Впрочем, период деконструкции классики в творчестве Форсайта закончился в начале нулевых, и сейчас Билл с горсткой верных ему артистов из Forsythe Company ищет совсем другого — без пуантов, без классики, без света и музыки. О последнем его эксперименте в дрезденском Хеллерау, который концептуально не имел названия, мы подробно писали. А все балетные труппы мира предпочитают танцевать «старого» Форсайта, так как до нового пока не доросли, впрочем, Билл даже и не собирается продавать свои новые работы, они принадлежат его театральной семье.
Пермская труппа исполнила Форсайта в Москве на невероятном подъеме, артисты чувствуют материал, который танцуют, любят его и лелеют.
Эта хореография им — классикам до мозга костей — доставляет колоссальное удовольствие, потому что трудное внутри той химической формулы, которой заряжена твоя кровь, оно не трудное, а естественное, гармоничное.
Мирошниченко, кроме блестящей тьюторской работы над Форсайтом, не забыл поиграть со смыслами и значениями слов в названиях балетов. Манера, в манере, маньеризм, рококо, вариации на тему, классика, модерн, постмодернизм. Когда он выбирал для пермяков «Вторую деталь», у него в репертуаре уже была «первая» деталь — балет «Вариации на тему рококо», который он поставил сам в 2011 году на музыку одноименного опуса Петра Ильича Чайковского. В программке заботливо сообщается, что Вариации на тему рококо для виолончели с оркестром в качестве музыкальной основы для балета, были использованы в России впервые.
Это балет про наслаждение излишеством, выстроенный как приключение формы.

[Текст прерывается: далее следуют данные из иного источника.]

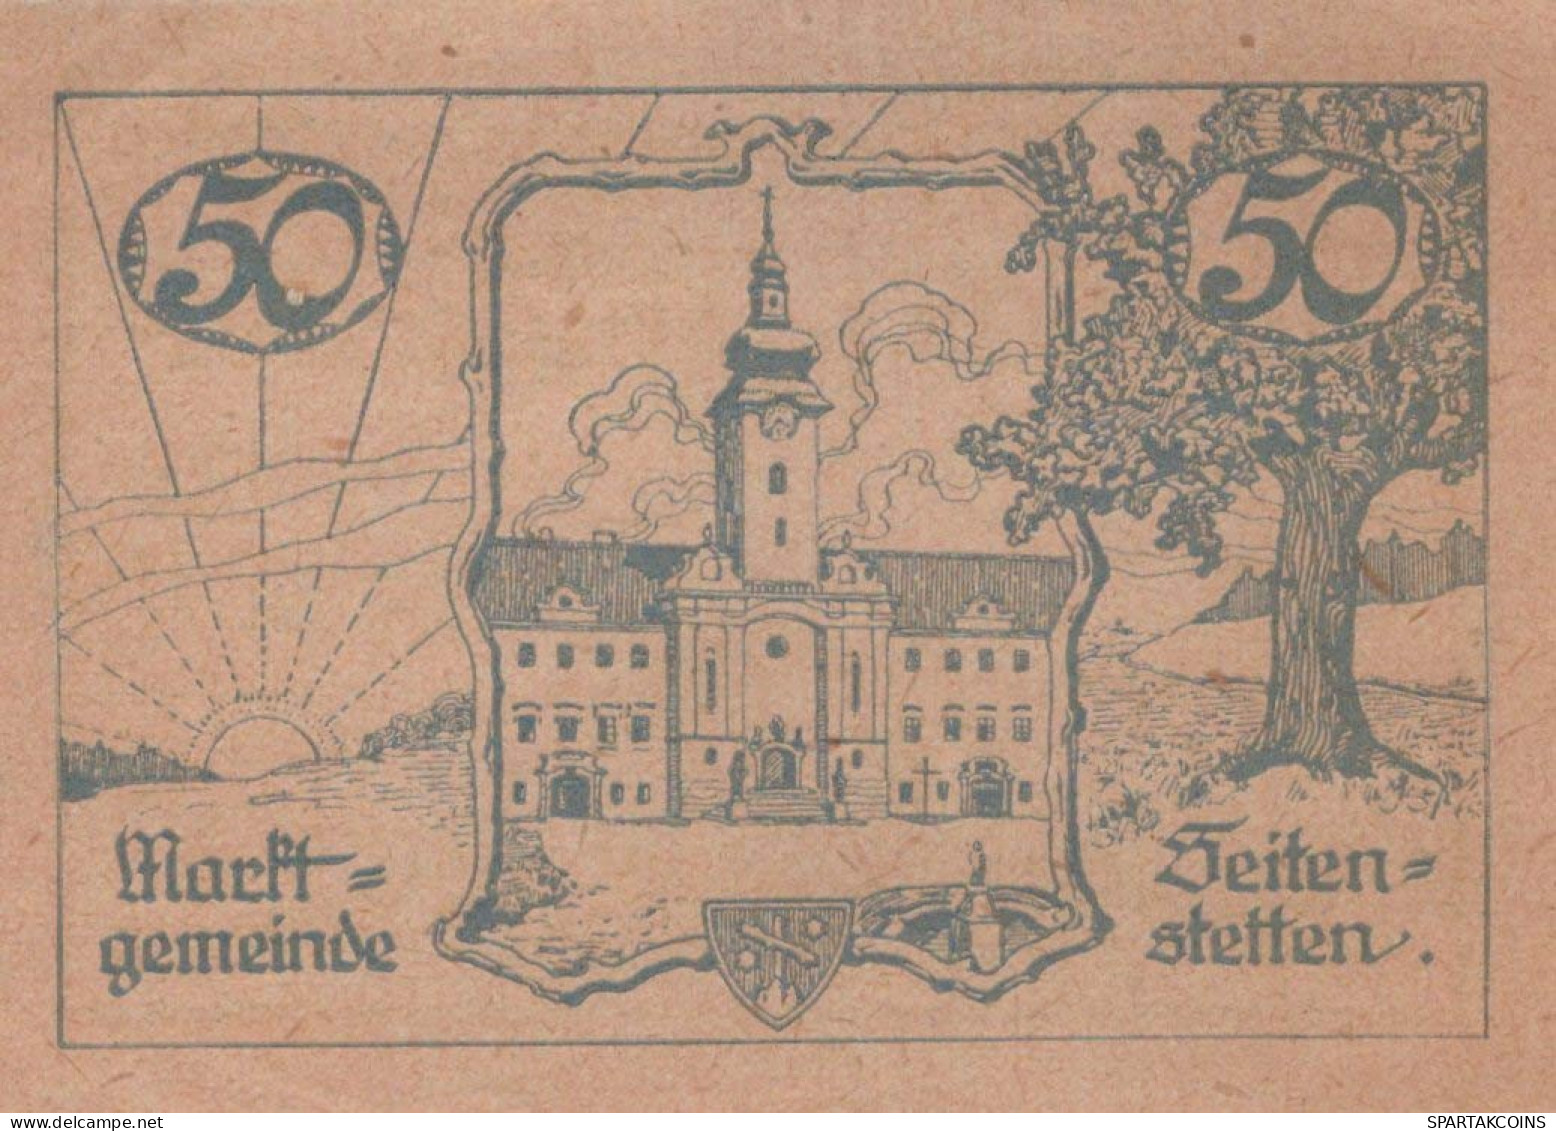 50 HELLER 1920 Stadt SEITENSTETTEN Niedrigeren Österreich UNC Österreich Notgeld #PH399 - [11] Emissions Locales

Схвачен момент, когда тучное барокко сметается легковесным рококо, и рождается нонсенс. Юношей на балу больше, чем девушек. Этикет кавалера по отношению к даме оборачивается невежливостью к зрительному залу — мужчины поворачиваются к нему спиной. Цитируется барочная «Моцартиана» (балет Баланчина на музыку Чайковского), но смысл ее девальвируется — сцену про ухаживание и флирт нельзя узнать.
Красной нитью через все «Вариации» проходит тема «Сомнамбулы» (балет Баланчина, который присутствовал в репертуаре Пермского балета), но характер сомнамбулической героини ни с того ни с сего взбалмошный, а не лирический.
В конце одной сцены дерзкая красотка даже имитирует некое падение с обрыва, взобравшись на него по спинам кавалеров.
Что-то вроде комического продолжения трагической темы баланчинской «Серенады», в финале которой мы наблюдаем своеобразный траурный кортеж с поднятой на вытянутых руках партнеров балериной.
Третьим спектаклем вечера маньеристских балетов стал «Souvenir» Дагласа Ли, который занял место между «Деталью» и «Вариациями», чтобы хоть немного разгрузить их стилистическую вычурность.